Kalman Filter

Kalman Filter#

Implementation of the Kalman Filter

Methods#

Filter#

\[ p(\mathbf{z}_t|\mathbf{x}_{1:t}) = \mathcal{N}(\mathbf{z}_t|\boldsymbol{\mu}_{\mathbf{z}_{t|t-1}}, \boldsymbol{\Sigma}_{\mathbf{z}_{t|t-1}}) \]

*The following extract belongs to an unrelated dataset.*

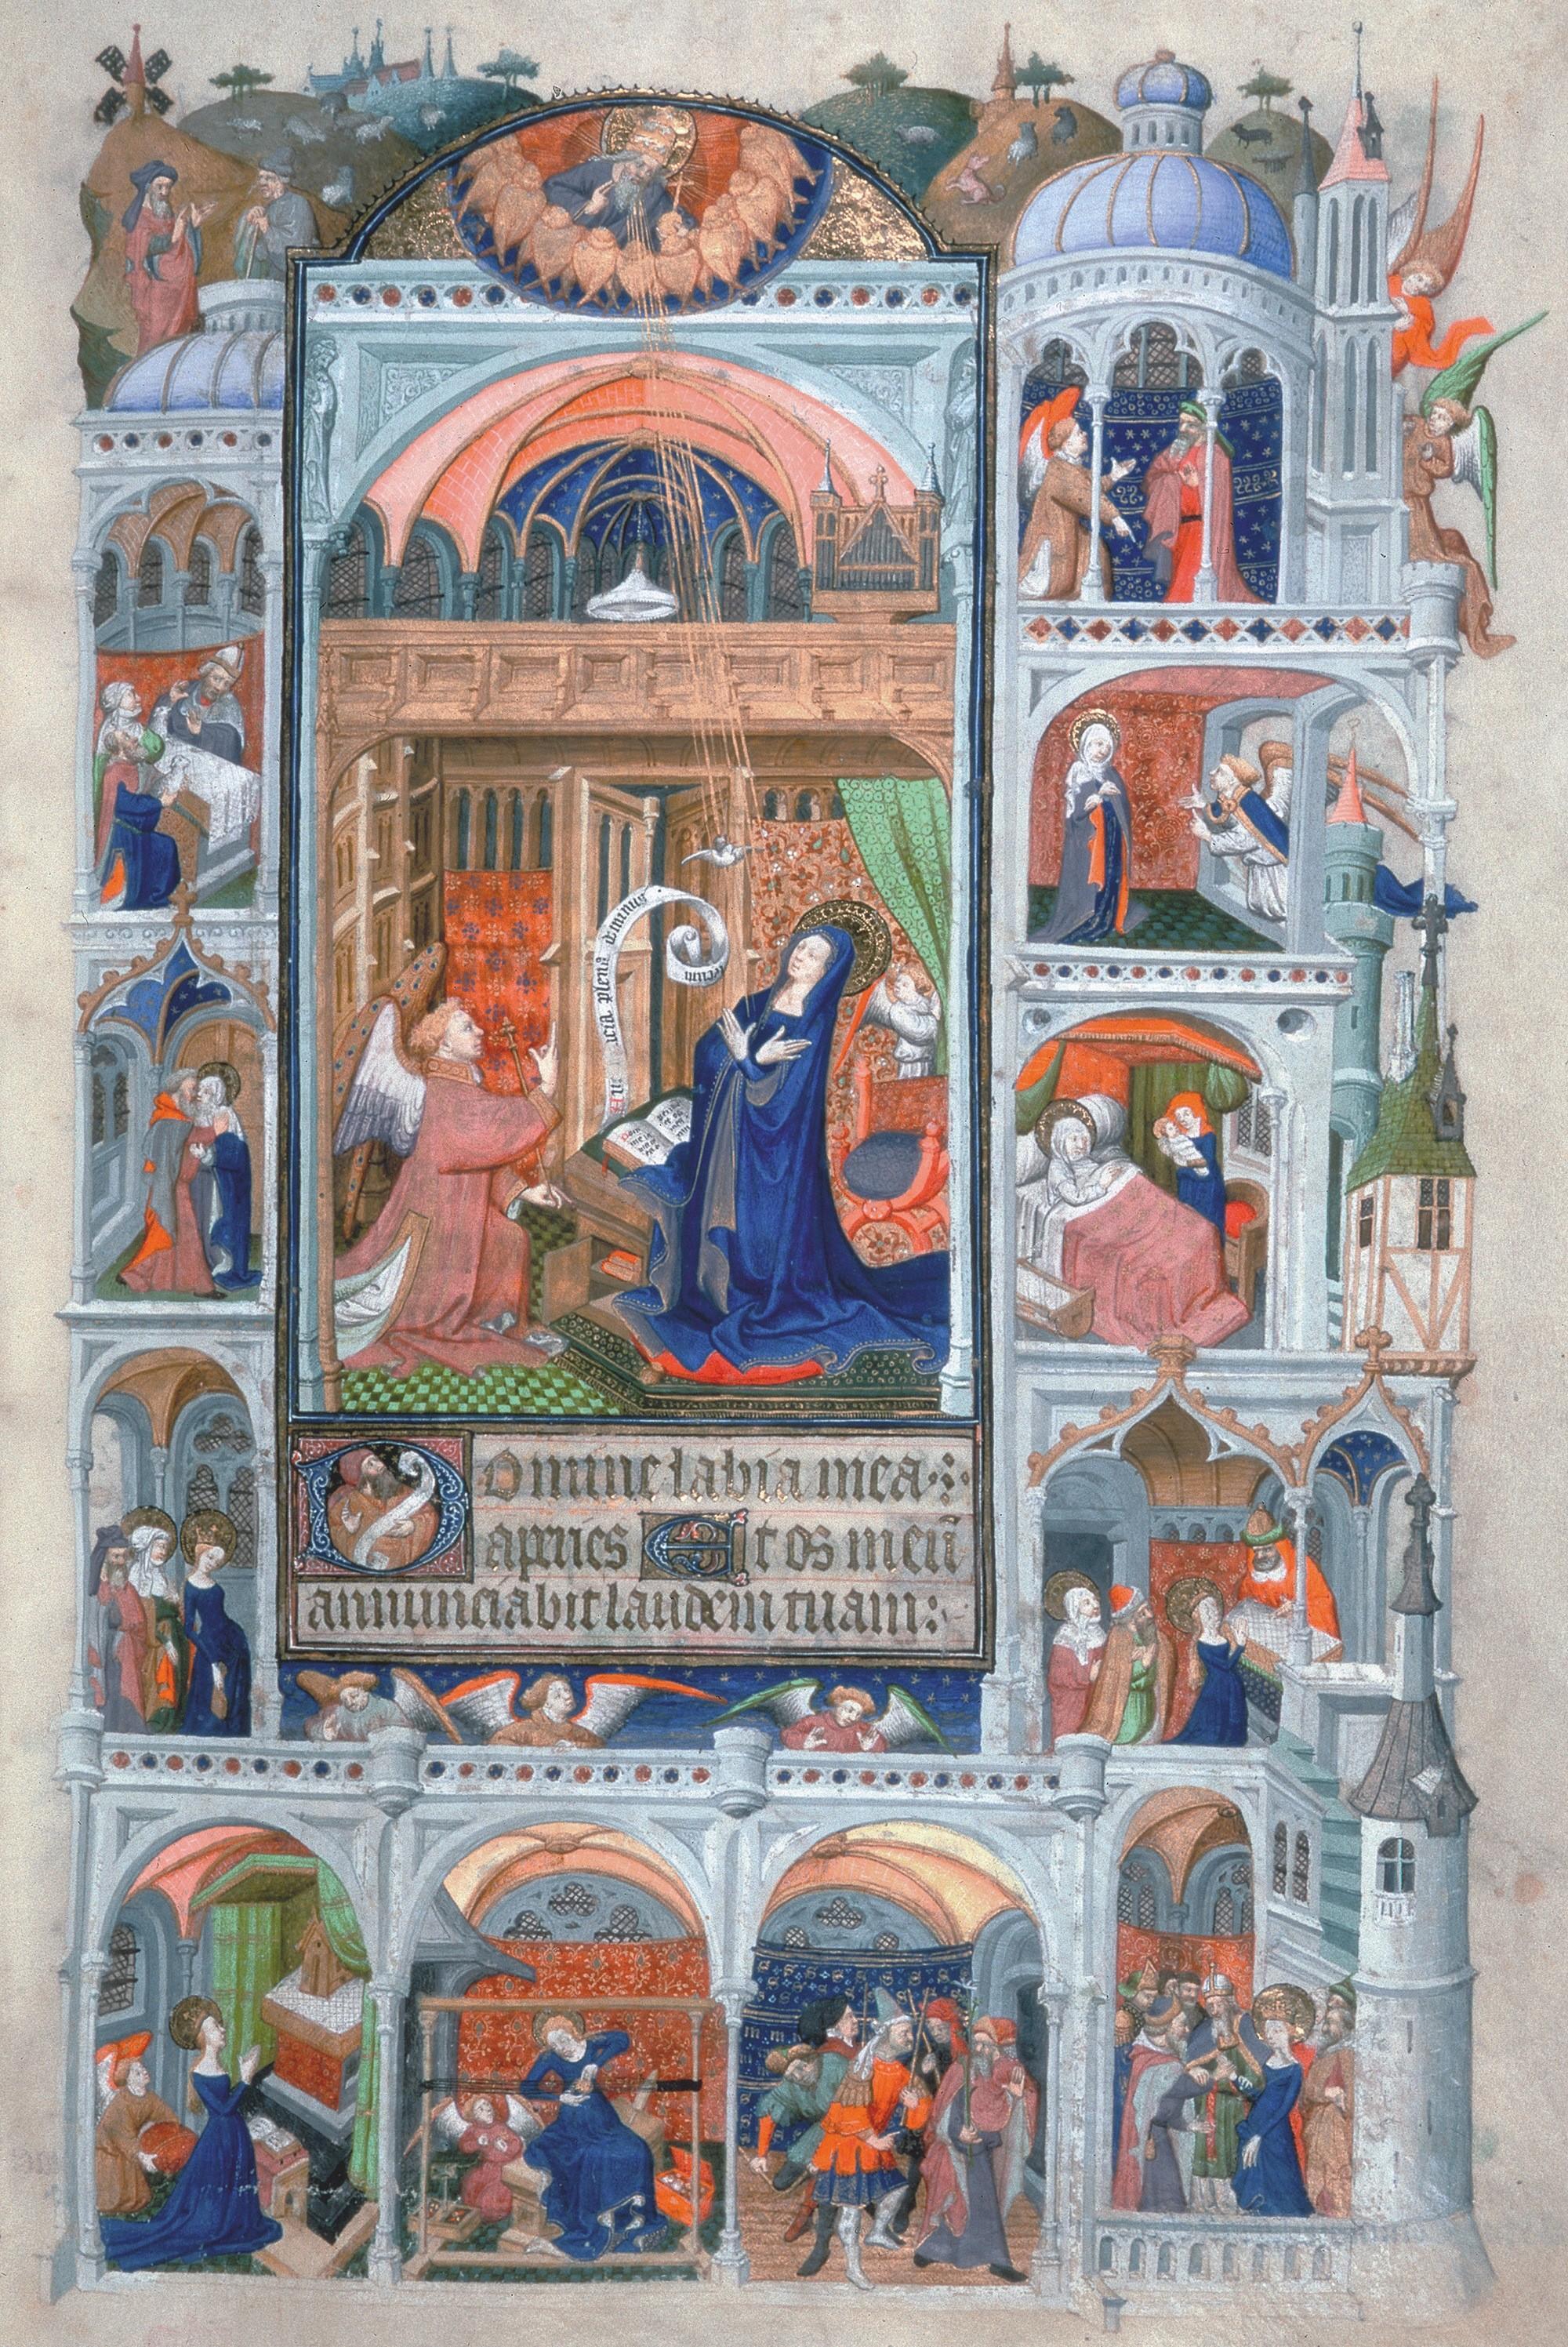 Maître de Bedford (enlumineur), Livre d'heures du duc de Bedford, vers 1430.

This is a two step process:

Prediction Step for the Transition Model
Measurement Step for the Emission Model

Predict Step#

\[\begin{split} \begin{aligned} \text{(Pred. Mean)} \hspace{10mm} \boldsymbol{\mu}_{\mathbf{z}_{t|t-1}} &= \mathbf{F}\mathbf{z}_{t-1} \\ \text{(Pred. Cov.)} \hspace{10mm} \boldsymbol{\Sigma}_{\mathbf{z}_{t|t-1}} &= \mathbf{F} \boldsymbol{\Sigma}_{t-1}\mathbf{F}^\top+\mathbf{Q} \end{aligned} \end{split}\]

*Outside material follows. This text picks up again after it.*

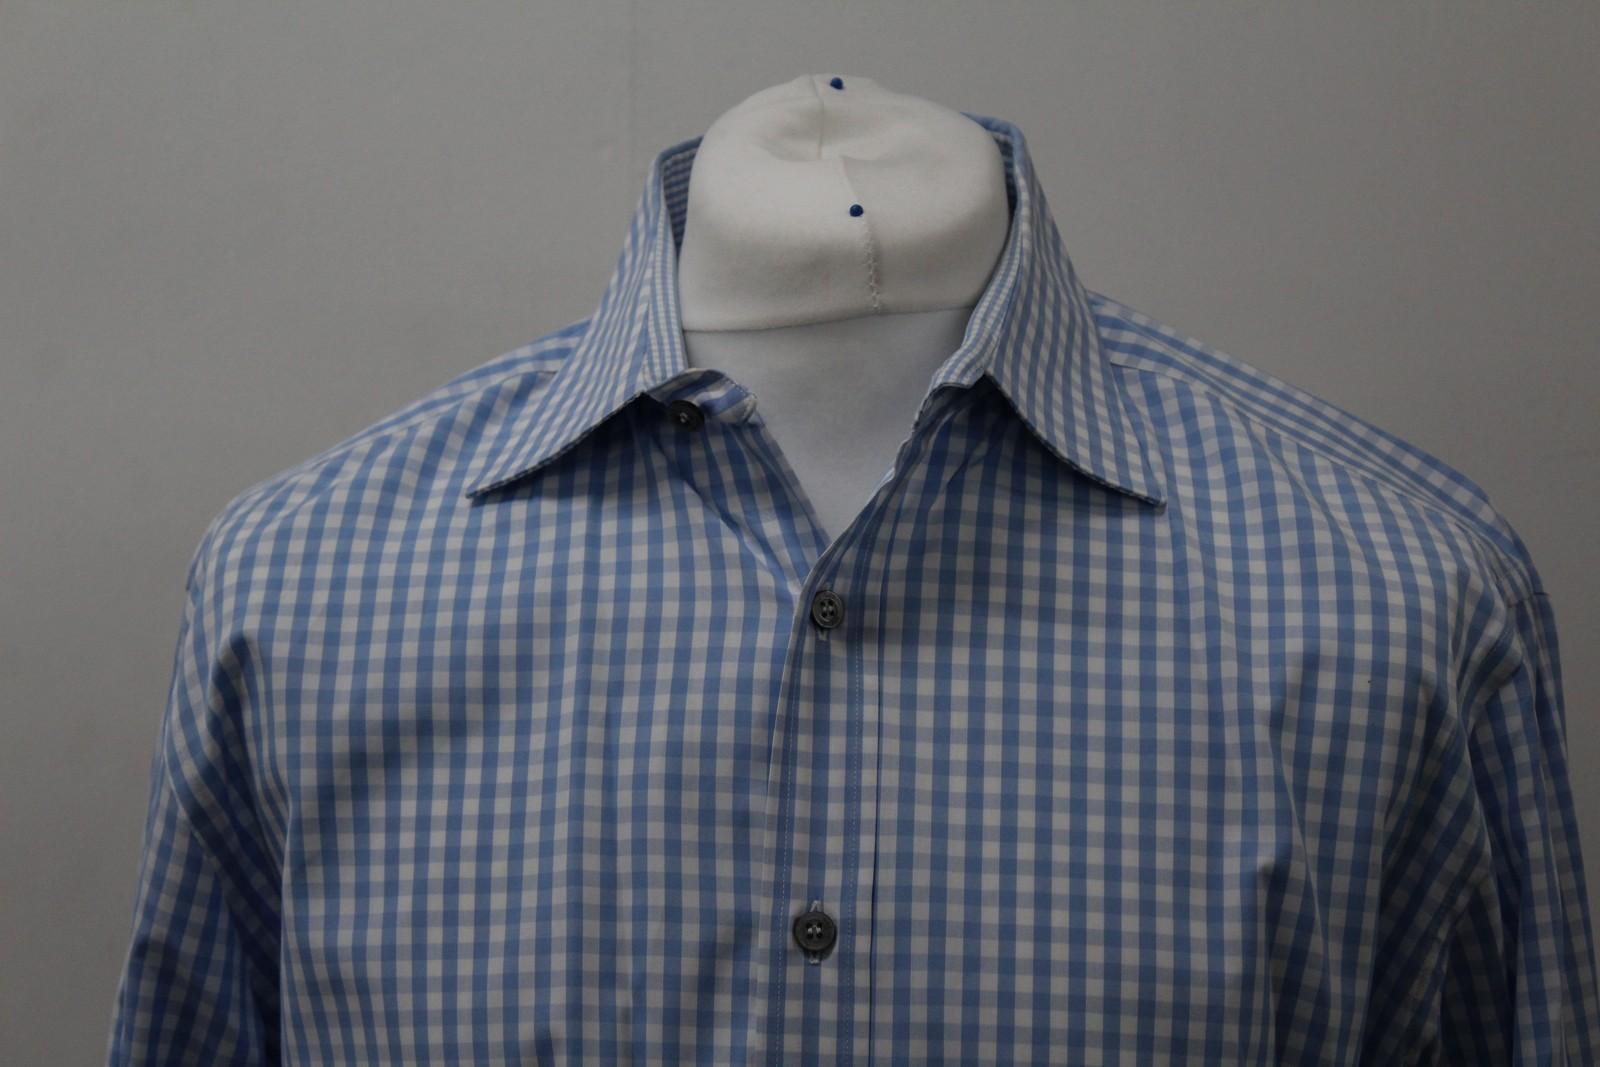 Paul-Smith-Para-Hombre-Camisa-Azul-Blanco-Algodon-comprobado-Formal-Cuello-16-5-034-42cm miniatura 3

# predictive mean (state), t|t-1
mu_z_t_cond = F @ mu_t
# predictive covariance (state), t|t-1
Sigma_z_t_cond = F @ Sigma_t @ F.T + Q

Update Step#

\[ p(\mathbf{z}_t|\mathbf{x}_{1:t}) = \mathcal{N}(\mathbf{z}_t|\boldsymbol{\mu}_{\mathbf{z}_t}, \boldsymbol{\Sigma}_{\mathbf{z}_t}) \]

where:

\(\boldsymbol{\mu}_{\mathbf{z}_t}\) is the estimation of the state mean given the observations
\(\boldsymbol{\Sigma}_{\mathbf{z}_t}\) is the estimation of the state cov given the observations.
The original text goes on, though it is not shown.